The Affordable Housing Crisis, Understanding the Challenges and Seeking Solutions
By Kristi Waterworth – Published May 31, 2024
The State of Affordable Housing in the U.S.
It’s no secret that affordable housing is increasingly difficult to come by in the United States for both home buyers and renters. In preparing our joint study with Ashoka, “Demystifying Financial Freedom: 4 Key Principles,” we learned that housing insecurity is much worse than we thought.
In 2022, for a full-time worker to earn enough to rent a modest two-bedroom apartment in America, they’d need to make $25.82 per hour. With the federal minimum wage stagnating at
$7.25, the math simply doesn’t work out – that’s 3.5 times more than the base wage. In the last decade, the median home price rose about 30% versus an 11% increase in average incomes. During the pandemic alone, rental prices increased 18%, still well above those 11% income gains.
To put that a different way, if you’re renting a two-bedroom apartment for $1,000 per month pre-pandemic, you’ll have to pay $1,180, or an extra $2,160 per year. Working 40 hours a week at minimum wage, you’ll gross roughly $1,256 each month. That’s not what you take home but what you earn. Which means that even two adults working full-time will earn only $2,513 per month, 2.12 times the rent – one entire partner’s income is going to housing, and you may not even qualify for that average unit because of the low earnings-to-rent ratio.
Causes of the Affordable Housing Crisis
There are a huge number of problems coming together to create an even worse situation for people who need affordable housing, including rising materials costs and increasing land prices that are driving up the cost of construction, zoning laws that may impede the construction of single homes or more affordable multi-family housing, gentrification that’s driving up the prices of formerly affordable neighborhoods, and, of course, those stagnant wages mentioned above.

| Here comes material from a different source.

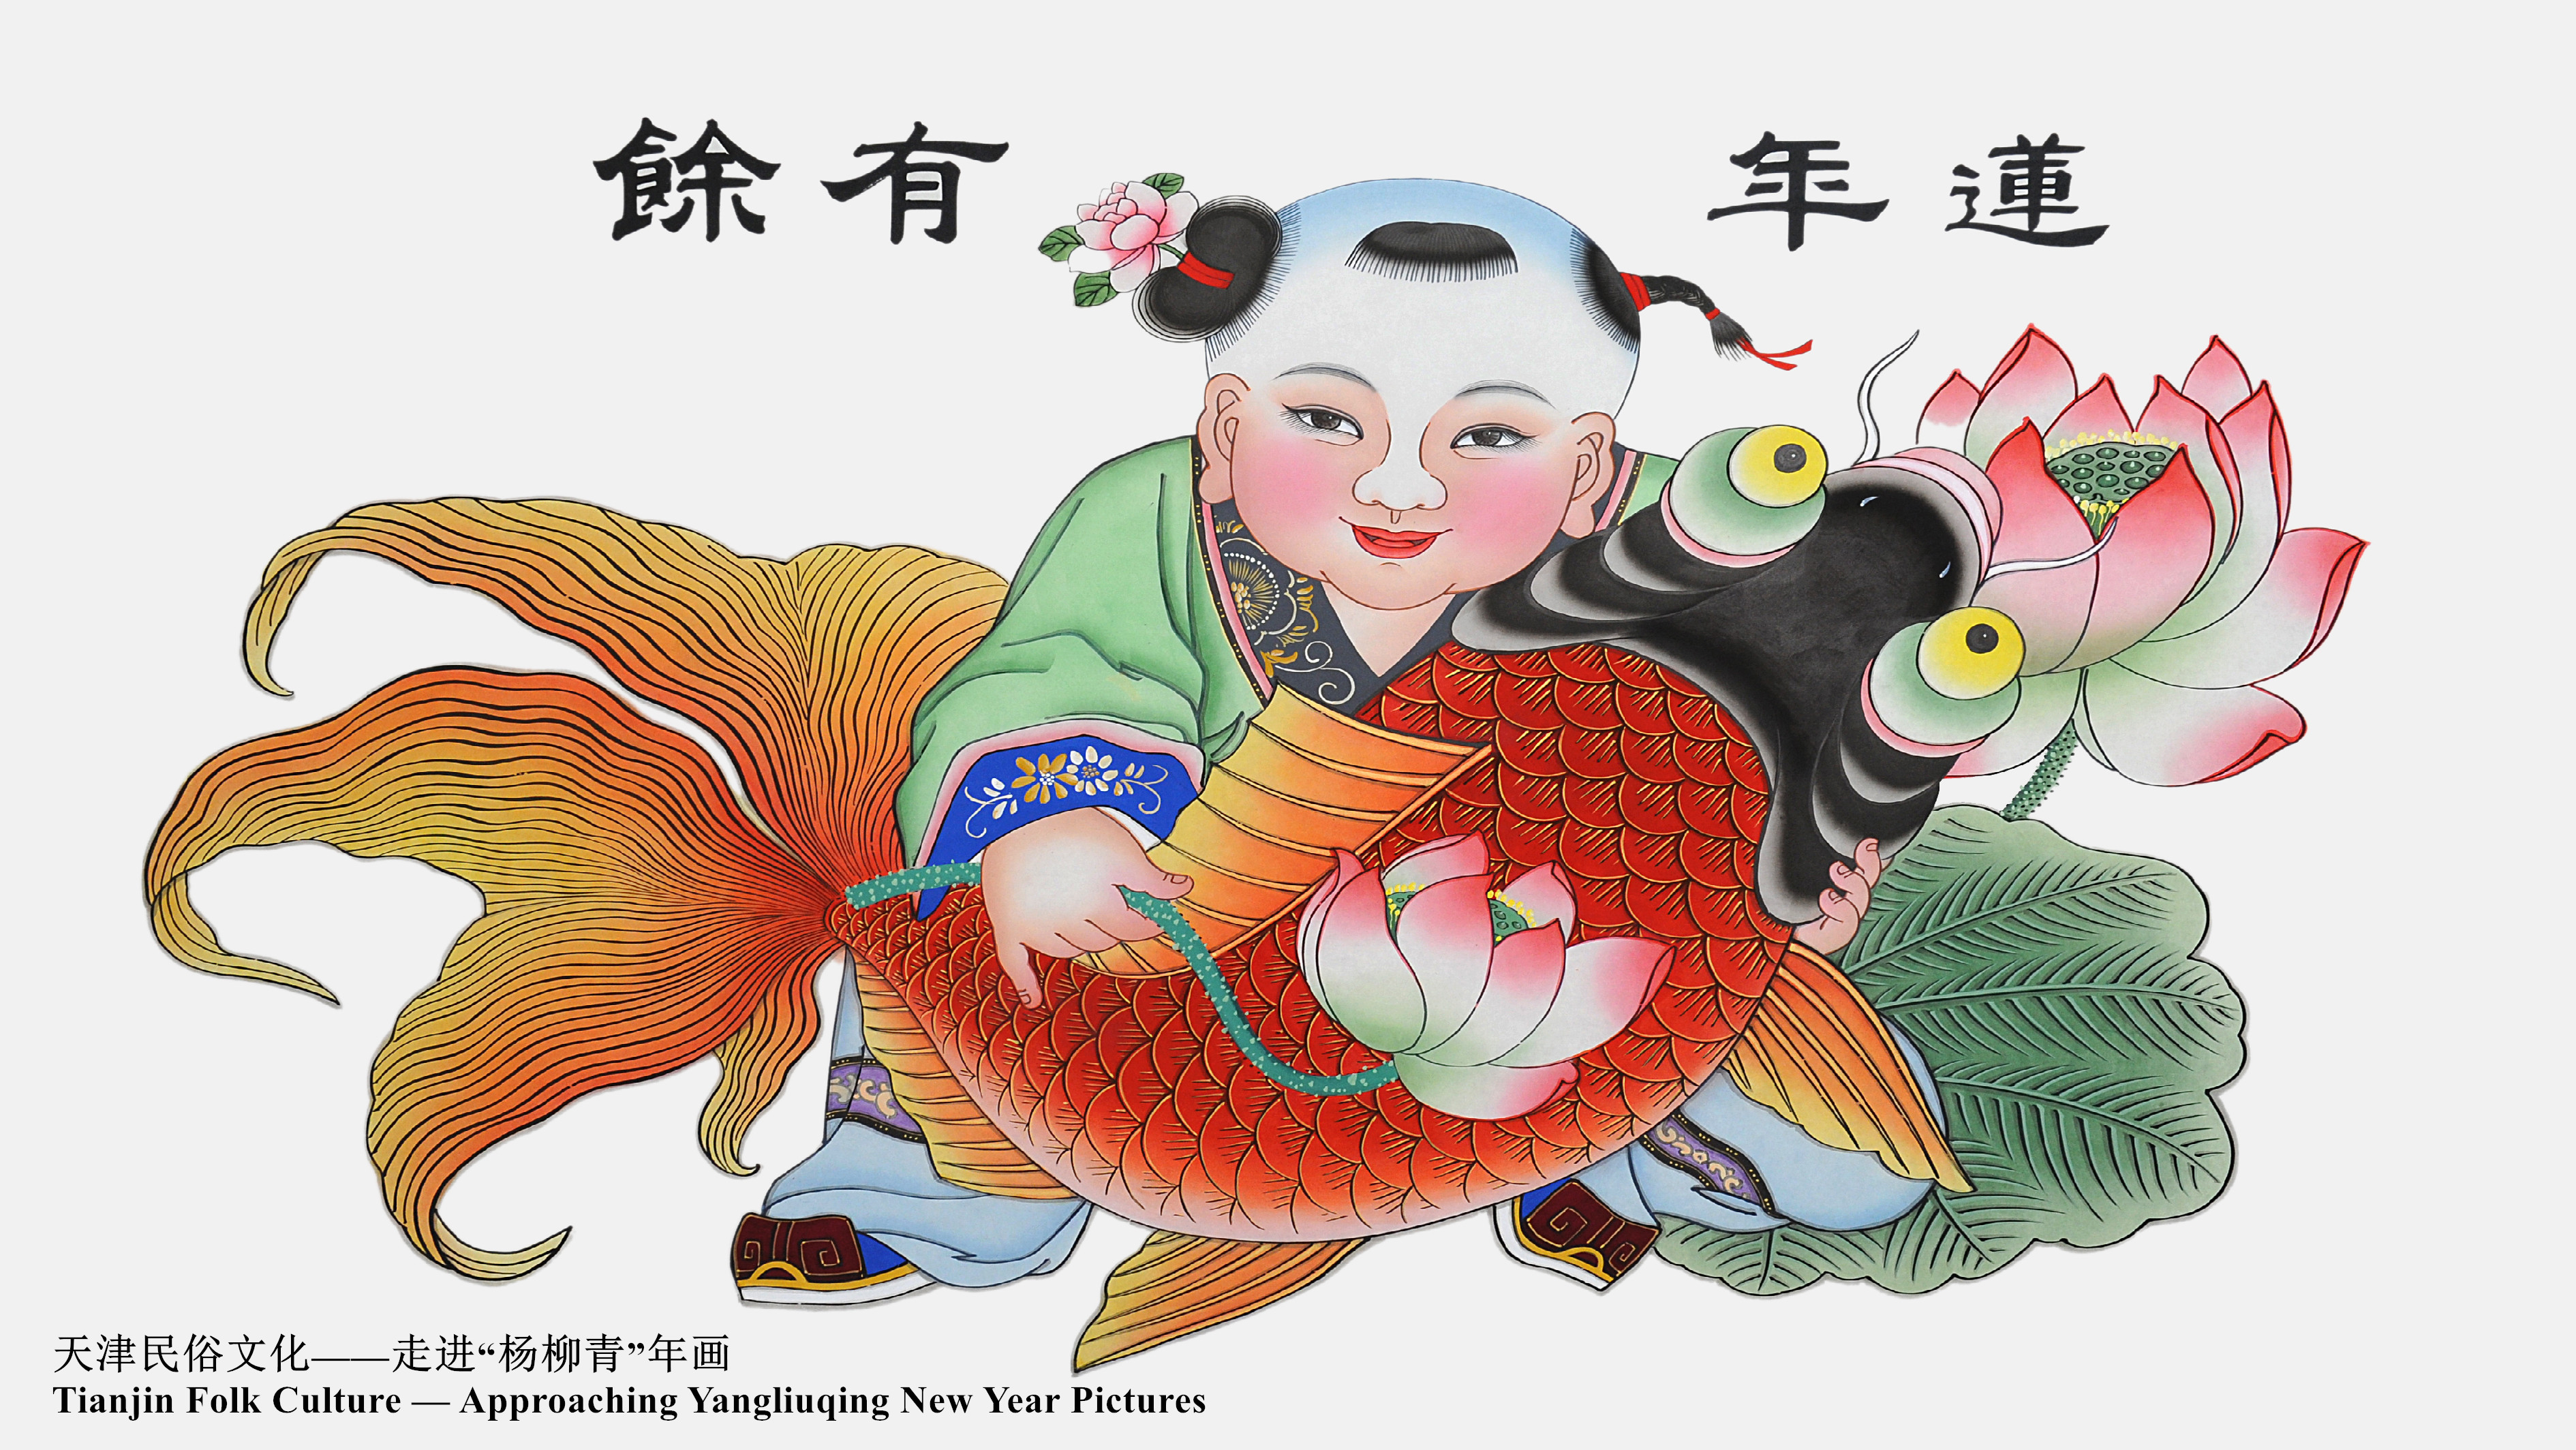 Tianjin Folk Culture — Approaching Yangliuqing New Year Pictures
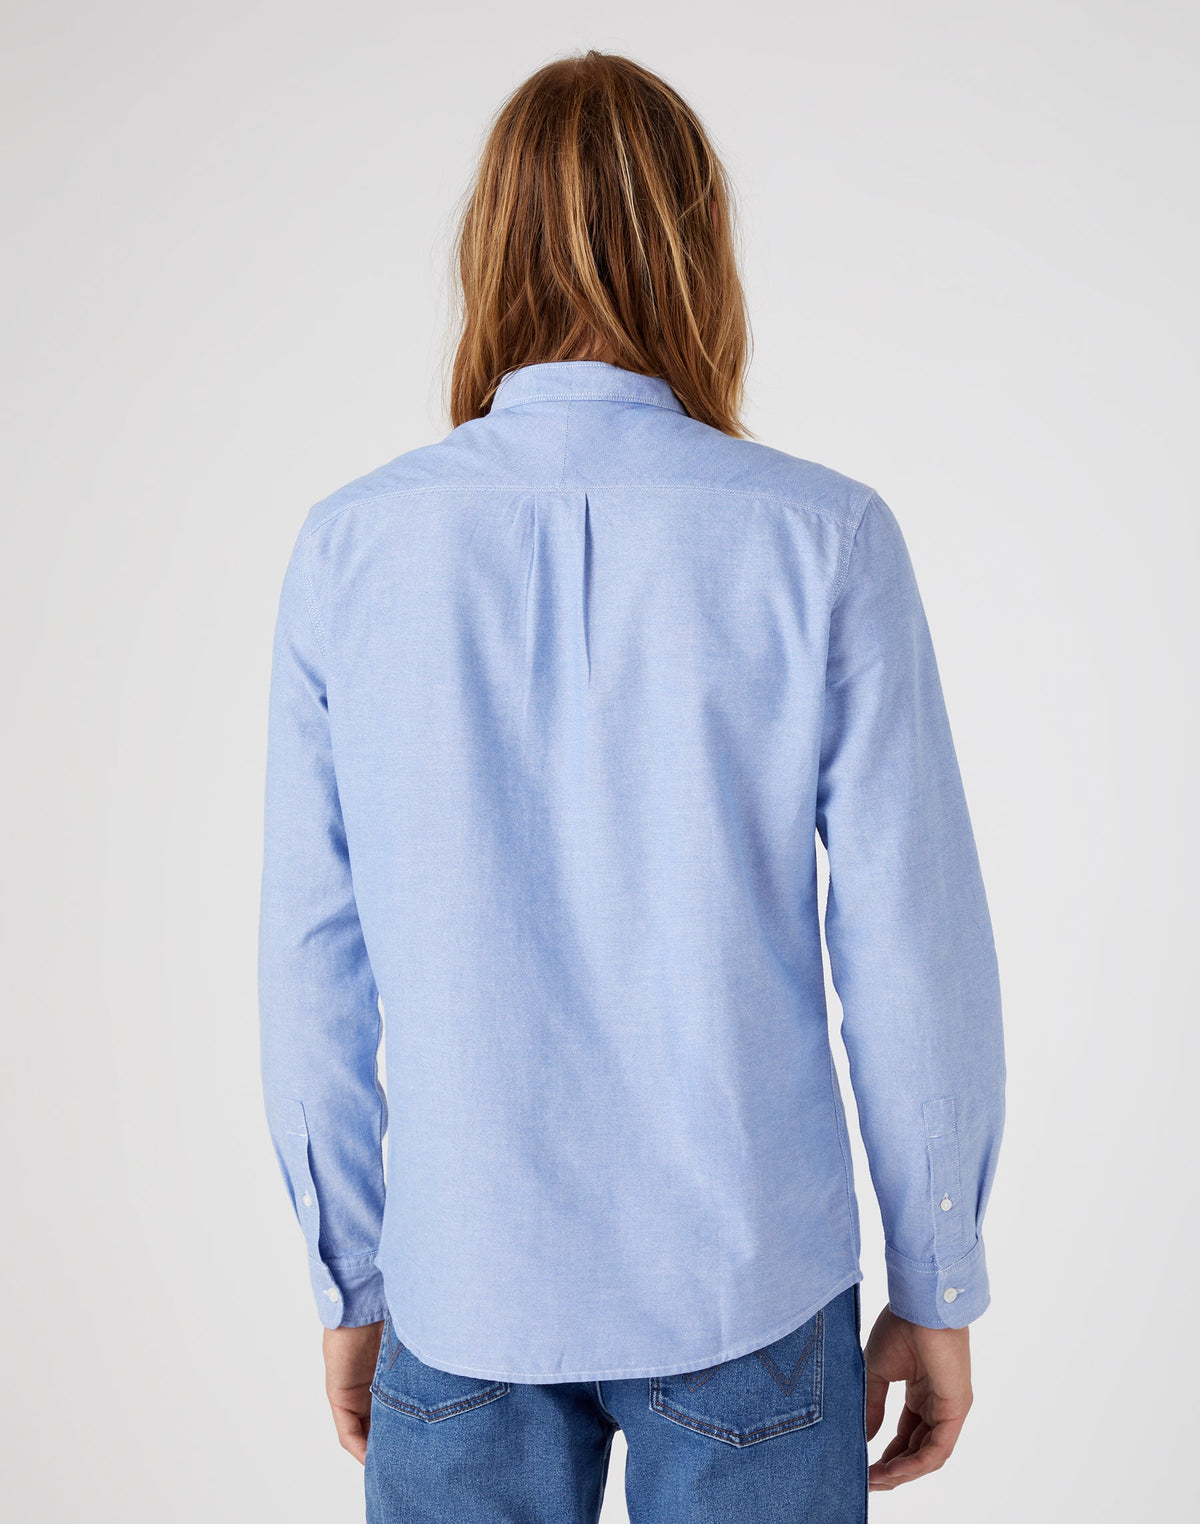 One Pocket Shirt in Limoges Blue

We all know that the cost of building anything has gone up, from the price of a fence to a new deck – and this goes just as much for whole housing units. The price of land is a huge contributor to the problem, according to the US Government Accountability Office (GAO), which found that land prices alone rose 60% from 2012 to 2019. These increasing costs are making it harder to build more housing, to the point that construction of new affordable housing has dropped precipitously. This affects both home buyers and renters since landlords must charge more to cover their own expenses.
Zoning laws are another major issue. Although inclusionary zoning was designed to promote more equitable housing options for lower-income residents, the results have been very mixed. This is in part because some inclusionary zoning laws are mandatory, and others are voluntary. It is also influenced by some inclusionary zoning laws that allow builders to pay a fee in lieu of constructing units that will be less profitable for them.
Gentrification is another fairly obvious issue affecting affordable housing. It’s a push-and-pull situation when whole neighborhoods are remodeled and brought up to current building fashion. People who have lived in the neighborhoods for a long time, especially if they’re renters, can no longer afford to live there. Even owners whose homes have gained significant value may feel the sting when their taxes and insurance costs are increased dramatically due to forces outside of their control.
Impact on Low-Income Families
Low-income families feel the burden of the affordable housing crisis much more acutely and much more quickly than the rest of the population because they have so much less margin to work with in their budgets.
According to the GAO, only 25% of extremely low income families who need assistance will get it because of the lack of funding for assistance programs. This is one reason that over 580,000 people in America are homeless at any given time. Without enough housing that they can afford, and without assistance to afford what’s available, how could anyone be expected to maintain stable housing?
When it’s a parent with a child, or even a nuclear family, housing instability due to a lack of affordable housing means the child doesn’t stay with their peers from year to year in school since they may have to change districts frequently to afford to live indoors. Instability is not good for adults, but it can be devastating to children who may never know the security of a bedroom they’ve called their own for years.
Innovative Solutions and Success Stories
There’s a lot to be concerned about when it comes to affordable housing, but there are people out there in the world who are trying to create more stable housing for more people. Take, for example, Kimberly Driggins, who is the executive director of the Washington Housing Conservancy and one of our Motley Fool Foundation Rule Breakers.
Kimberly’s foundation focuses on acquiring rental housing in the Washington, D.C., area. Instead of raising rents and kicking people out, she’s preserving and setting these units aside as designated affordable housing units. Her foundation has acquired more than 1,400 rental units in the area for moderate—and low-income workers, keeping 2,000 residents in stable housing and saving them thousands of dollars in annual rent.
Of course, the Washington Housing Conservancy is just one of many organizations that are working to help improve the affordable housing crisis, but they can do so much more when we work together with them. By donating your time, talent, or treasure, Fools like you can help further social innovation at a time when it’s desperately needed by so many people. The Motley Fool Foundation’s investments in these organizations help Americans living paycheck to paycheck take their important next to Financial Freedom.